Last night I had the opportunity to talk to some art education majors. I was invited to their meeting to discuss anticipatory set. Not the most spicy Friday night activity, but I was eager to meet some students who are just as enthusiastic about art education as myself. I always jump at the chance to network and socialize with other art teachers.
While I was talking about the basics of anticipatory set: find a way to grab their attention, engage them in a meaningful hook, or set the stage for a unit, it reminded me how much I love teaching art. I felt myself get animated as I remembered some of the super engaging anticipatory sets I had done over the years.

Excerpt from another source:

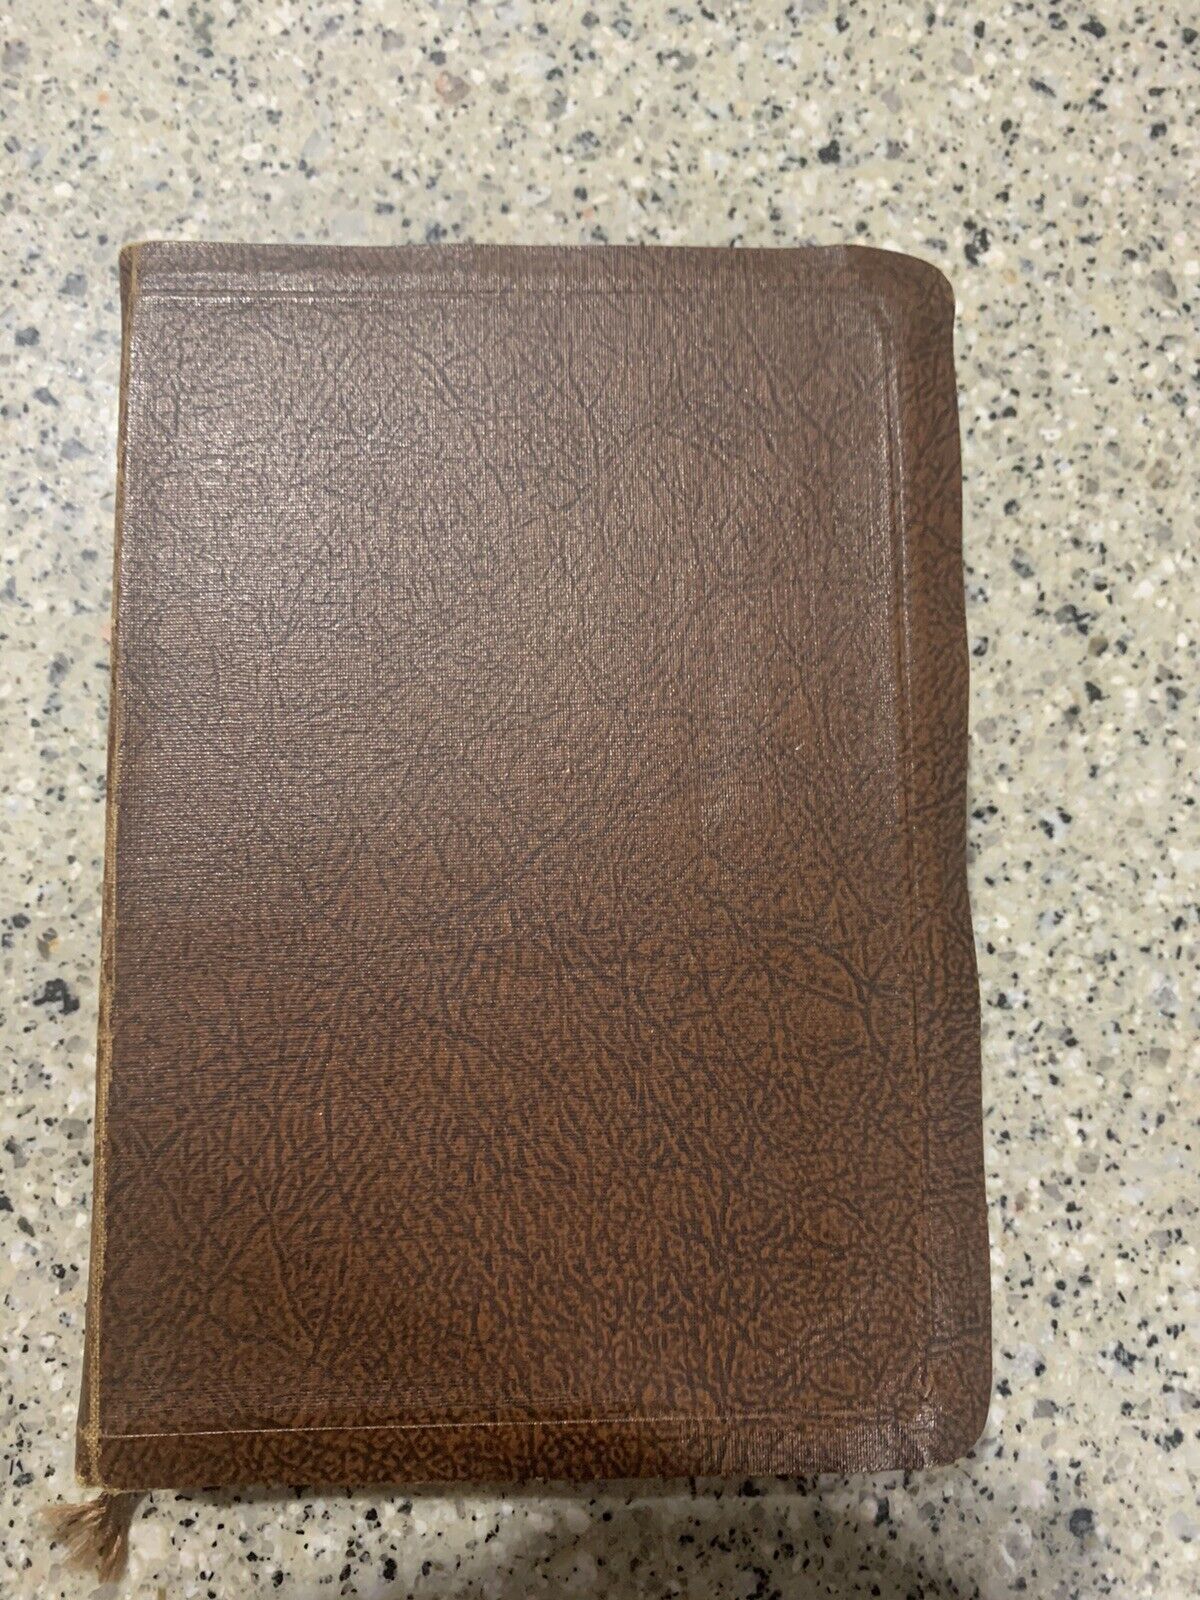 Vintage Illustrated Bible Cambridge Brown Leather Cover 1970's See Description

The art history year was my favorite. I built a time machine and we 'traveled' back in time to before there were humans and to create clay dinosaurs and ambered insects.
Then I constructed a cave in my art room so students could experience what life was like for early humans. For Ancient Egypt, I built a pyramid out of cardboard and allowed students to use tiny flash lights for an expedition inside to study hieroglyphics.
It was easy to engage my younger students because they were eager learners. Every single things was fun and engaging.
Now, I feel like I am just bracing myself for that first punch.
Every time I introduce something new I keep my guard up, just waiting to deflect and defend why/what we are learning.
I feel like I have to justify each project or try to make it look easy, or else my students' first response will be: I can't do that. Or worse: I don't want to do that. Or worst of all: I HATE that.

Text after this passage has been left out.